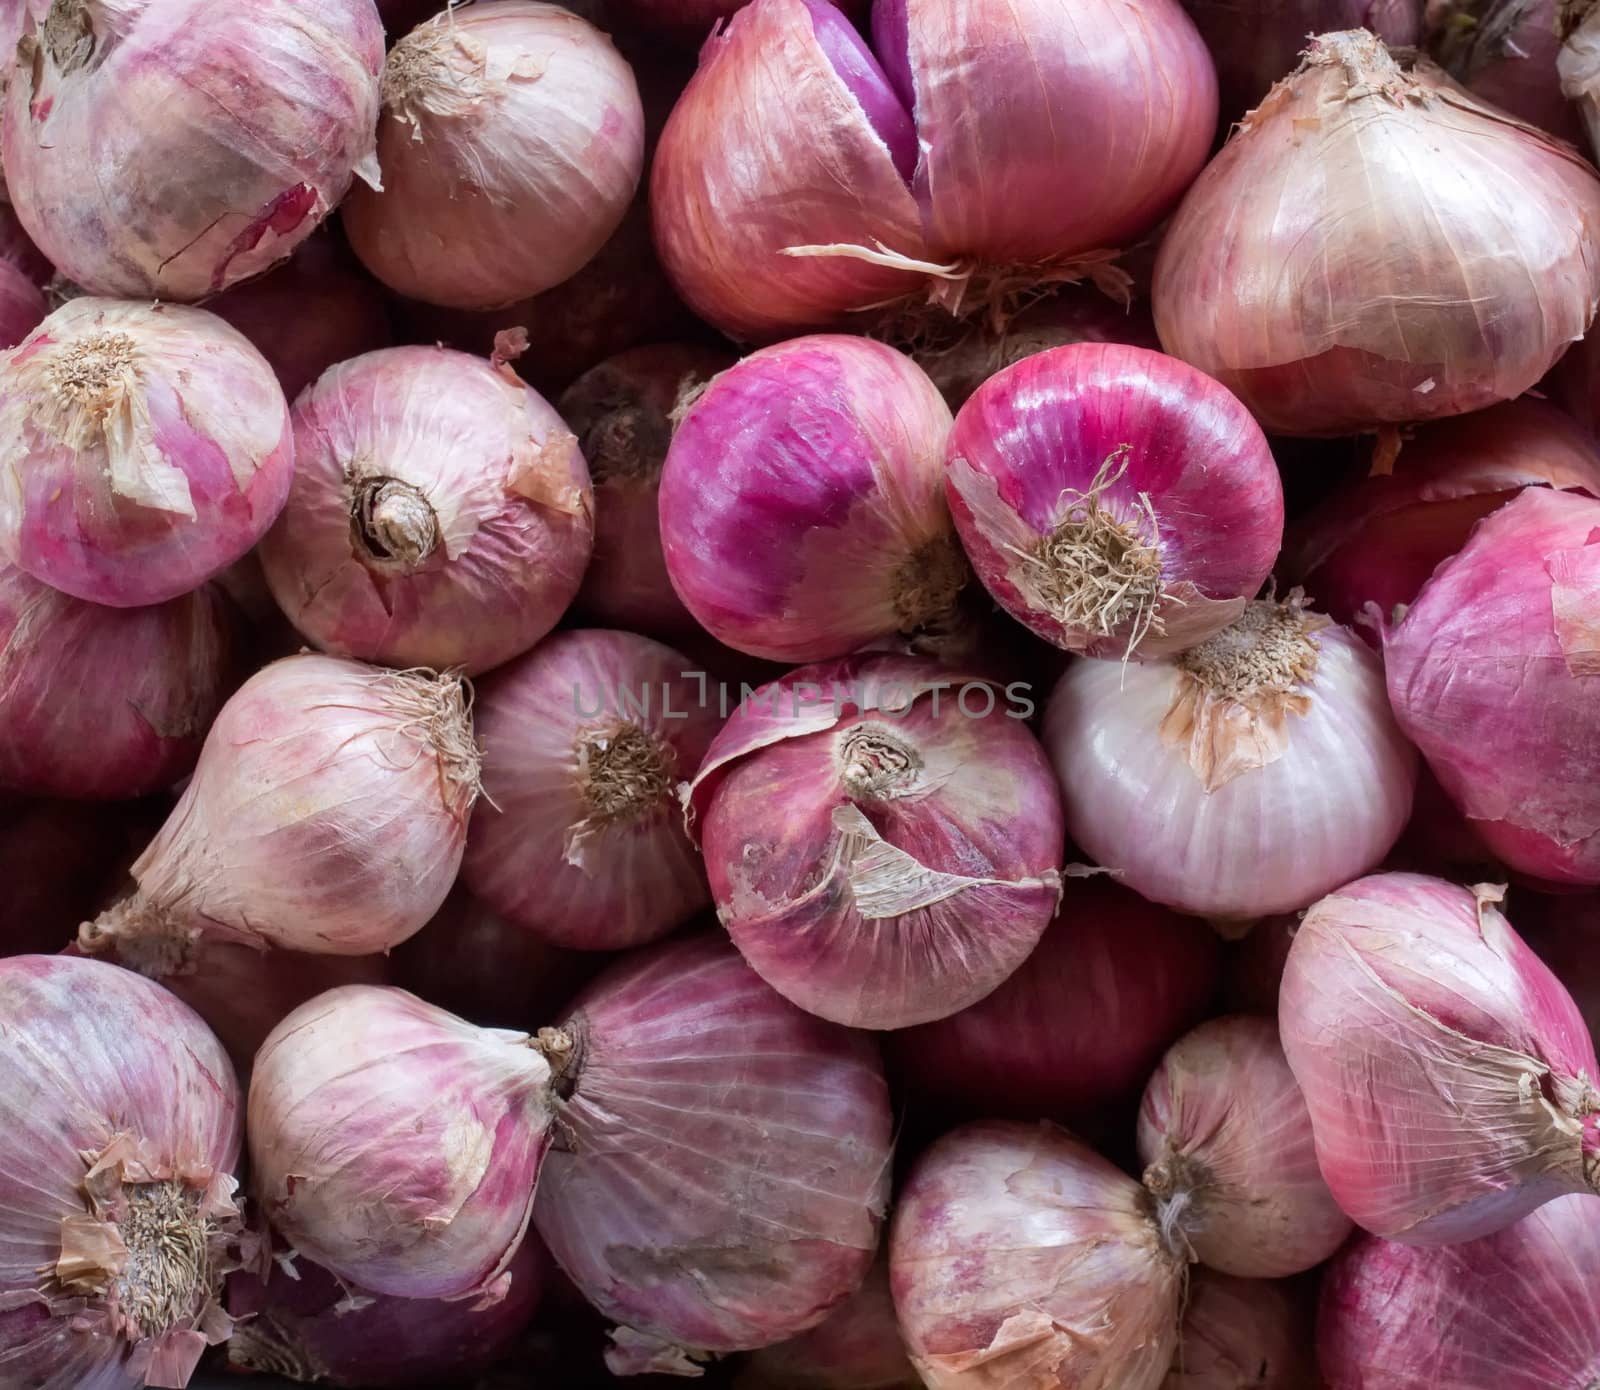 red onions by zkruger
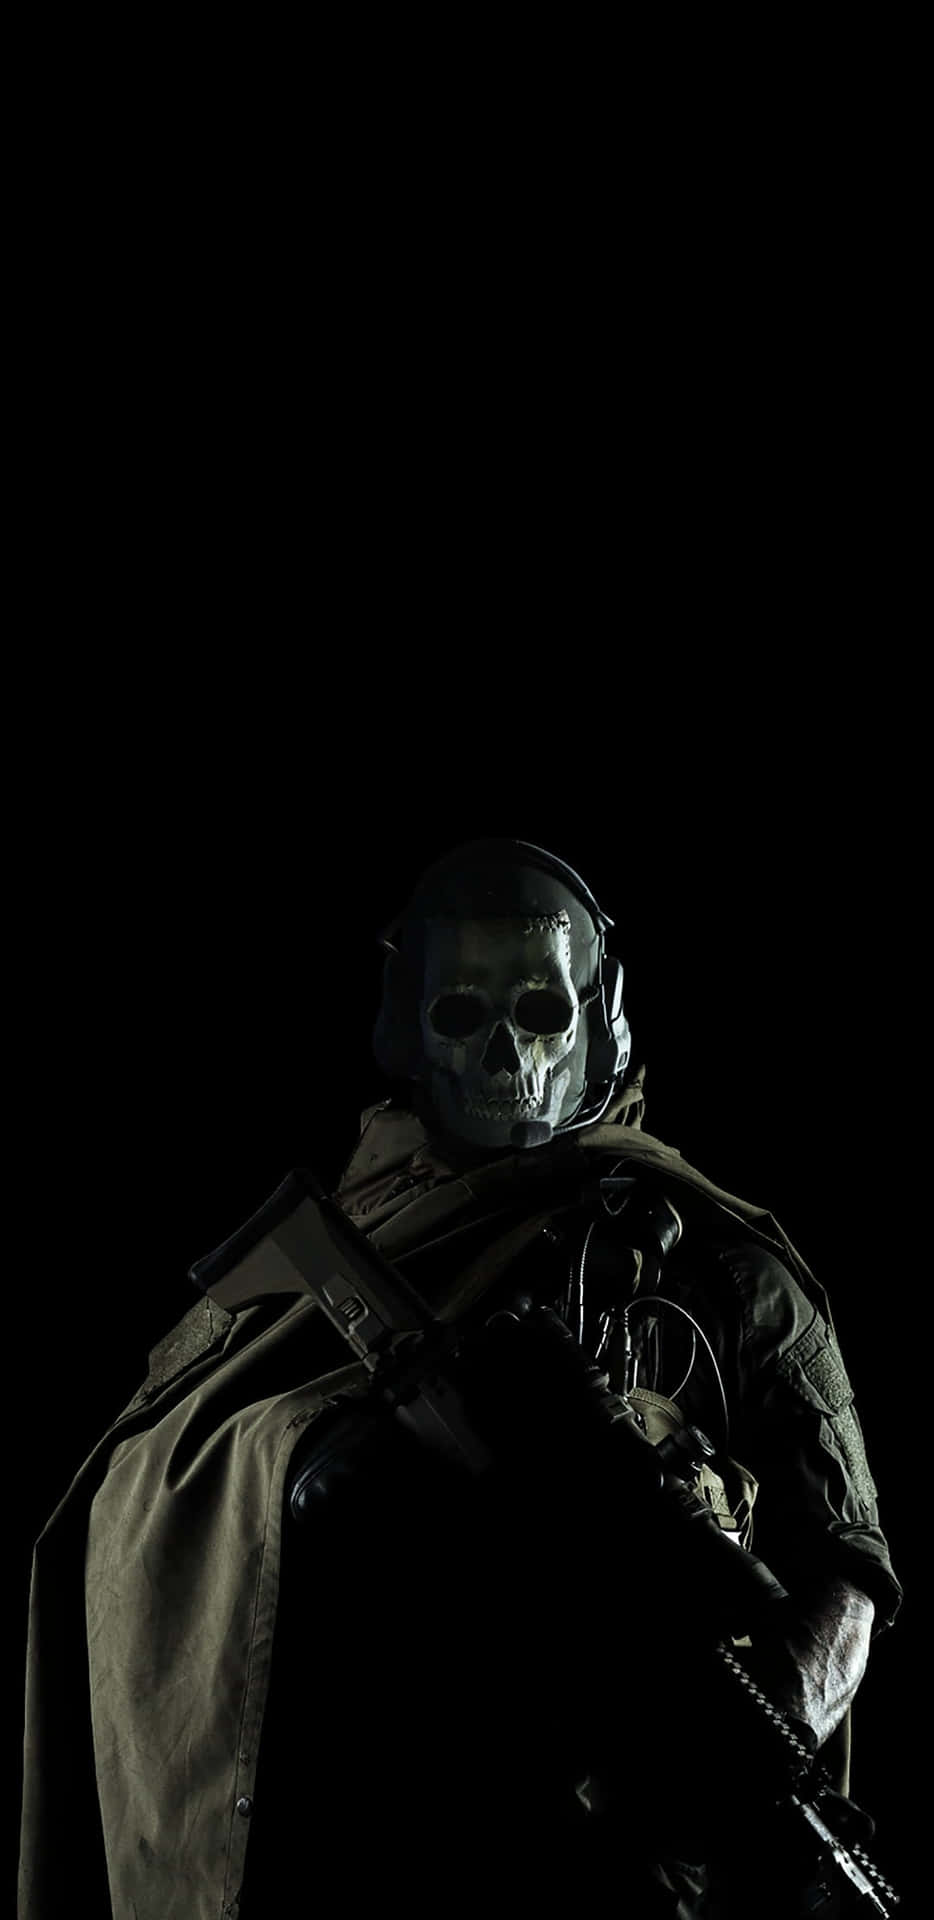 Call of Duty: Ghosts Action Scene Wallpaper
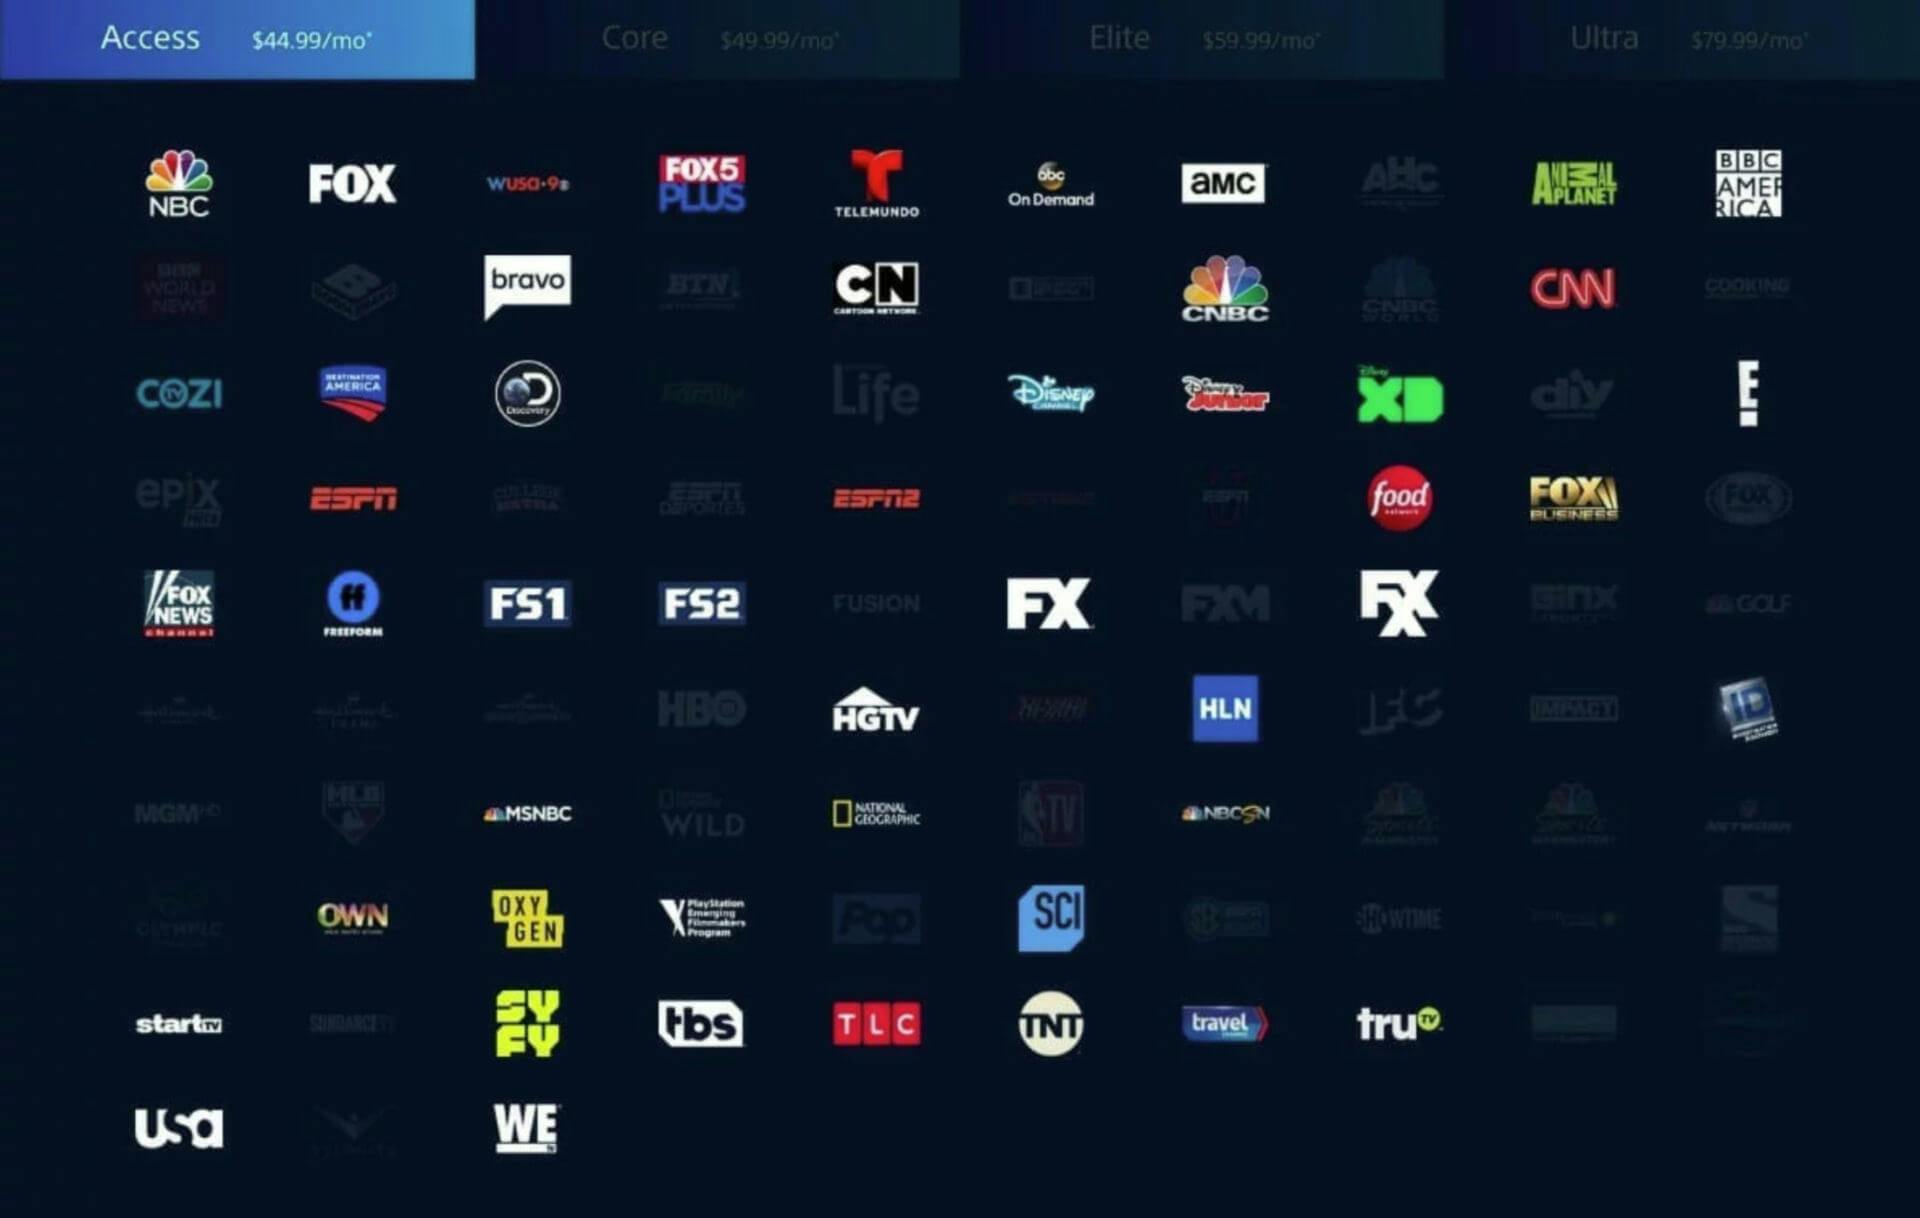 eagles lions playstation vue nfl nfc fox streaming

________________________

EXERCISE REQUIREMENTS: Would you output the full listing exactly as it stands, minus the images?

SOLUTION BELOW:
 red onions by zkruger
 Call of Duty: Ghosts Action Scene Wallpaper
 eagles lions playstation vue nfl nfc fox streaming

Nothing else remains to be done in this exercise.